Gbagbo’s forces also roam the streets and broke into the Japanese ambassador’s residence overnight, forcing him and seven other employees to take shelter in a safe room before French and United Nations forces rescued them by helicopter, Japanese media reports said.
A Gbagbo advisor based in Paris told Reuters Ouattara forces had renewed an assault on Gbagbo’s residence late on Wednesday with support from UN and French helicopters. His statement could not be independently verified.
Ouattara forces had tried to storm the residence in the upscale Cocody neighbourhood earlier on Wednesday after talks led by the United Nations and France to secure Gbagbo’s departure failed, but they were pushed back by heavy weapons fire, a western diplomatic source who lives nearby said.
The former colonial power in Ivory Coast, France has taken a leading role in talks to persuade Gbagbo to hand over to Ouattara and end the standoff over the contested election in November.
A UN spokesman in New York said negotiations with Gbagbo’s camp were continuing, but it was not clear if they would lead anywhere, especially as Gbagbo himself told French radio he had no intention of stepping down.
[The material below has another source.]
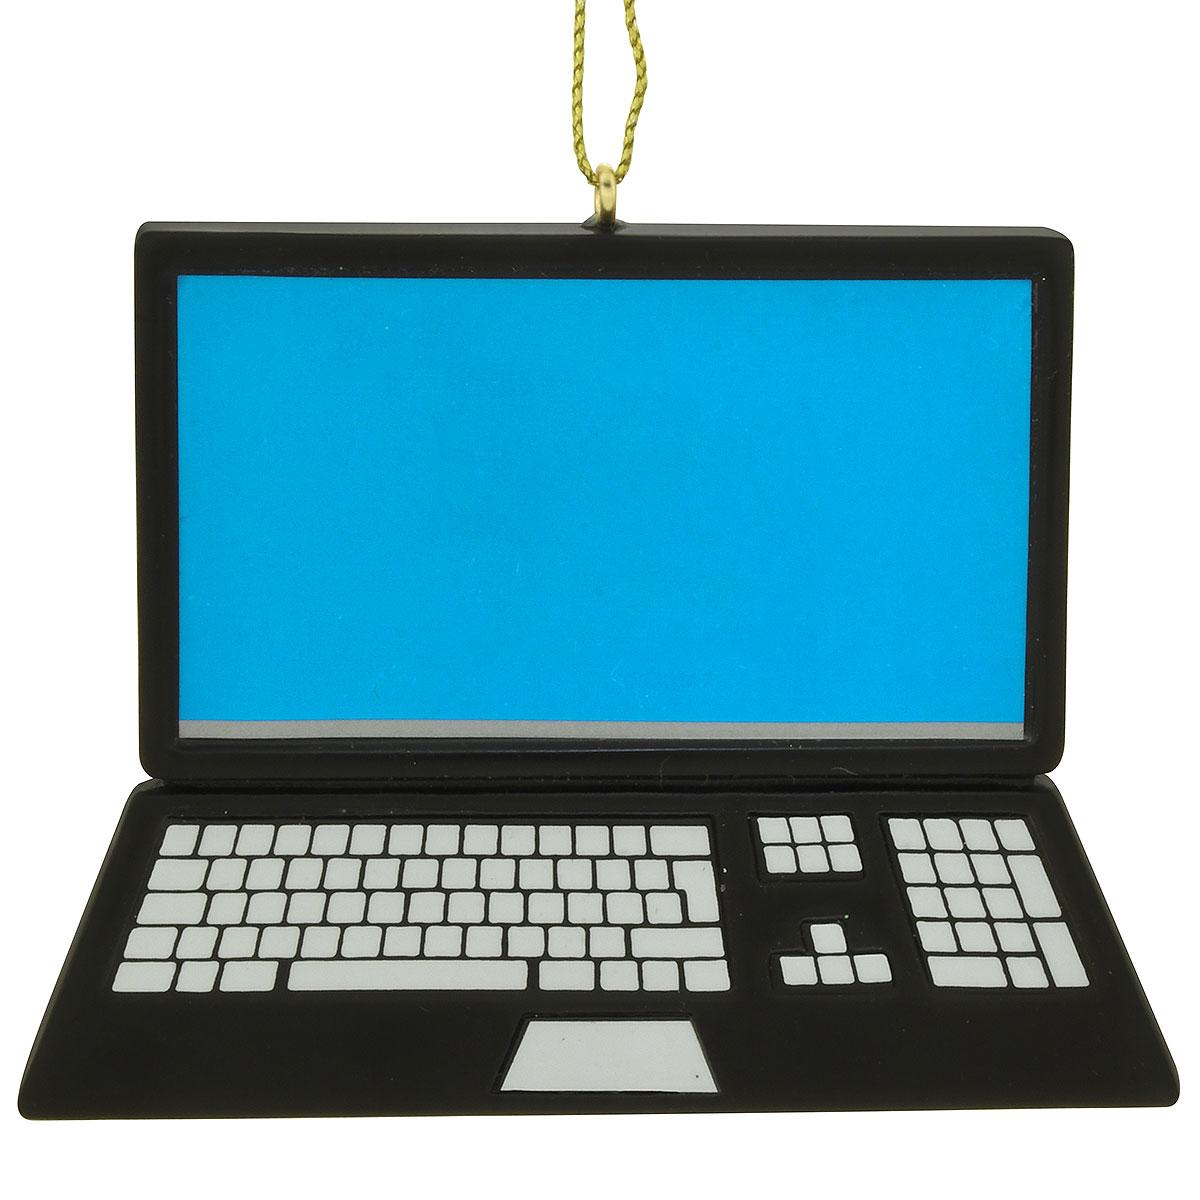 Laptop Resin Ornament

Helicopters commanded by the United Nations peacekeeping mission in Ivory Coast bombarded Gbagbo’s heavy weapons stockpiles earlier this week, including those near his residence — but those attacks ended on Tuesday.
Analysts said Ouattara forces, who swept south last week in a lightly contested march toward Abidjan, could struggle to best Gbagbo’s remaining presidential guard and militias.
“Just like in Libya, it’s going to take both the rebels and outside forces to push Gbagbo out,” said Sebastian Spio-Garbrah, analyst at DaMina Advisors in New York.
Gbagbo has ruled Ivory Coast since 2000 and blames Paris for supporting the north of the country in the civil war of 2002-03. Rebels from that war now make up the bulk of Ouattara’s force.
Last year’s long-delayed election in the world’s top cocoa producing nation was meant to draw a line under the civil war, but Gbagbo’s refusal to give up power has plunged the country into violence that has killed more than 1 500 people.
The International Criminal Court prosecutor said on Tuesday he was in talks with West African states about referring alleged atrocities in the Ivory Coast to the court after a reported massacre in the west of the country.
Cocoa prices were little changed on Wednesday as traders were confident that Gbagbo’s expected exit would allow a swift resumption of exports. The country’s defaulted US$2.3 billion Eurobond rose to a fresh four-month high on Wednesday on raised expectations of repayment.